Dataset content:
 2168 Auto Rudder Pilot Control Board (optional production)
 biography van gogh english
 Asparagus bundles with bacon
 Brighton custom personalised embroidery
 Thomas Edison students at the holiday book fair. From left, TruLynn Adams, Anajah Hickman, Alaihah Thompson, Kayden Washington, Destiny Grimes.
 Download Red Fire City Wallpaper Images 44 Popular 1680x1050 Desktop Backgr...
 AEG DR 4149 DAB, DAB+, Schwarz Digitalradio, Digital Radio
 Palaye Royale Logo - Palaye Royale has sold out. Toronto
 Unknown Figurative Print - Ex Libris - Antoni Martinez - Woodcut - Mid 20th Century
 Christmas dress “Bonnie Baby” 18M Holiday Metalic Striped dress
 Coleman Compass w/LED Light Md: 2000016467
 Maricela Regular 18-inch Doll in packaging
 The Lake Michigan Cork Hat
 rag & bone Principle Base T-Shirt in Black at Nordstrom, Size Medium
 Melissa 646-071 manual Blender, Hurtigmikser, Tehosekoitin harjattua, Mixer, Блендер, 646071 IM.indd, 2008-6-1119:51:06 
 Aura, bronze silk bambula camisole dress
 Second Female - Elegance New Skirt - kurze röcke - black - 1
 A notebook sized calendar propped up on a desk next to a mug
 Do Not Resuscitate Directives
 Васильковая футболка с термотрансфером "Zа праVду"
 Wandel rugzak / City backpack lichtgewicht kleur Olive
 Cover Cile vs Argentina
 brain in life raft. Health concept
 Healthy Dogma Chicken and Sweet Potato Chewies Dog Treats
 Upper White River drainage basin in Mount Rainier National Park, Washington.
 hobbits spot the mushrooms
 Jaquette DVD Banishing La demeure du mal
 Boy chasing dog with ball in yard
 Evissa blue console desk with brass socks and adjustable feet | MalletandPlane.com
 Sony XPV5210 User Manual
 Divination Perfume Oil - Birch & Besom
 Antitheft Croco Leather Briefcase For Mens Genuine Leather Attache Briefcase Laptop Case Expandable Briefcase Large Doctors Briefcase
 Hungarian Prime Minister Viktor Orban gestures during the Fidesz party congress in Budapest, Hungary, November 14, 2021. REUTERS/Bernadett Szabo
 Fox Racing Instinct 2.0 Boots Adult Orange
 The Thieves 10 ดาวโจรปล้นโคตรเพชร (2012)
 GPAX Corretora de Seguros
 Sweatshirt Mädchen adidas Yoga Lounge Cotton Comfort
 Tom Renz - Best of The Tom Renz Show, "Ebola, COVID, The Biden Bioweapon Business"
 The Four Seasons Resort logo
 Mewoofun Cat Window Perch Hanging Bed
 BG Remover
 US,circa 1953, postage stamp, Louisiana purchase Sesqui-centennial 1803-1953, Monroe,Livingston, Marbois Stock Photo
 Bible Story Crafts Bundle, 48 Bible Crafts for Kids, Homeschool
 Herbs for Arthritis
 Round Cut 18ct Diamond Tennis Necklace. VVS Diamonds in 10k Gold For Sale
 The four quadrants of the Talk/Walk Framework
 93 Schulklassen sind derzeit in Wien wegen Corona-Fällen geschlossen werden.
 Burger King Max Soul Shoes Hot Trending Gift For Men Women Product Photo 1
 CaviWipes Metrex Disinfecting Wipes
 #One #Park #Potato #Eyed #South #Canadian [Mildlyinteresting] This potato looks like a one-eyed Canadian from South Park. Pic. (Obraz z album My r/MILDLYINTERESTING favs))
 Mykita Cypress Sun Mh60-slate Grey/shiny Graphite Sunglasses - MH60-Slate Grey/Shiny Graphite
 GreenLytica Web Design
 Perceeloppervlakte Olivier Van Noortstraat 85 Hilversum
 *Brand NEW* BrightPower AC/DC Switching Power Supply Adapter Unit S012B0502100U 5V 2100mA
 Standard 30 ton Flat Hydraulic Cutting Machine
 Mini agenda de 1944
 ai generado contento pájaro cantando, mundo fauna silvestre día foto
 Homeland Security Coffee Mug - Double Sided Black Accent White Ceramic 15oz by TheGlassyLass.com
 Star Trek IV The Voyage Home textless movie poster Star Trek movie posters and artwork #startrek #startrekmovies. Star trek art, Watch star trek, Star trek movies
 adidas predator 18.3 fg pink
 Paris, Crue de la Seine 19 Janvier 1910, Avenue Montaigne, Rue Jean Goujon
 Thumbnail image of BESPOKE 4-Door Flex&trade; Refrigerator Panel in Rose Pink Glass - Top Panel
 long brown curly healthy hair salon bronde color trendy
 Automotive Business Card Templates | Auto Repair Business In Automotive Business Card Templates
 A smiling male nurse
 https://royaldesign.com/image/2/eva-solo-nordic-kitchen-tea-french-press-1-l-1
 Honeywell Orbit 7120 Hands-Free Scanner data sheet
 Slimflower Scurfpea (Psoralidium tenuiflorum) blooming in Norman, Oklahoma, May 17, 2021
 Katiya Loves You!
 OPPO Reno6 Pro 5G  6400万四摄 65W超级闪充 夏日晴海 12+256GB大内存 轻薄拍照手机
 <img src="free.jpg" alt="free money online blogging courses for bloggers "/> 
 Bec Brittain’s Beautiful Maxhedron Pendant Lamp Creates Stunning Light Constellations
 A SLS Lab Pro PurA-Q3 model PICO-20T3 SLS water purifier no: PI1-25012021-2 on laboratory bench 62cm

Assignment:
Exactly the lines above from the one with "Thumbnail image of" to the one with "Bec Brittain’s Beautiful", both included, are to be quoted; leave the rest out.

Result:
 Thumbnail image of BESPOKE 4-Door Flex&trade; Refrigerator Panel in Rose Pink Glass - Top Panel
 long brown curly healthy hair salon bronde color trendy
 Automotive Business Card Templates | Auto Repair Business In Automotive Business Card Templates
 A smiling male nurse
 https://royaldesign.com/image/2/eva-solo-nordic-kitchen-tea-french-press-1-l-1
 Honeywell Orbit 7120 Hands-Free Scanner data sheet
 Slimflower Scurfpea (Psoralidium tenuiflorum) blooming in Norman, Oklahoma, May 17, 2021
 Katiya Loves You!
 OPPO Reno6 Pro 5G  6400万四摄 65W超级闪充 夏日晴海 12+256GB大内存 轻薄拍照手机
 <img src="free.jpg" alt="free money online blogging courses for bloggers "/> 
 Bec Brittain’s Beautiful Maxhedron Pendant Lamp Creates Stunning Light Constellations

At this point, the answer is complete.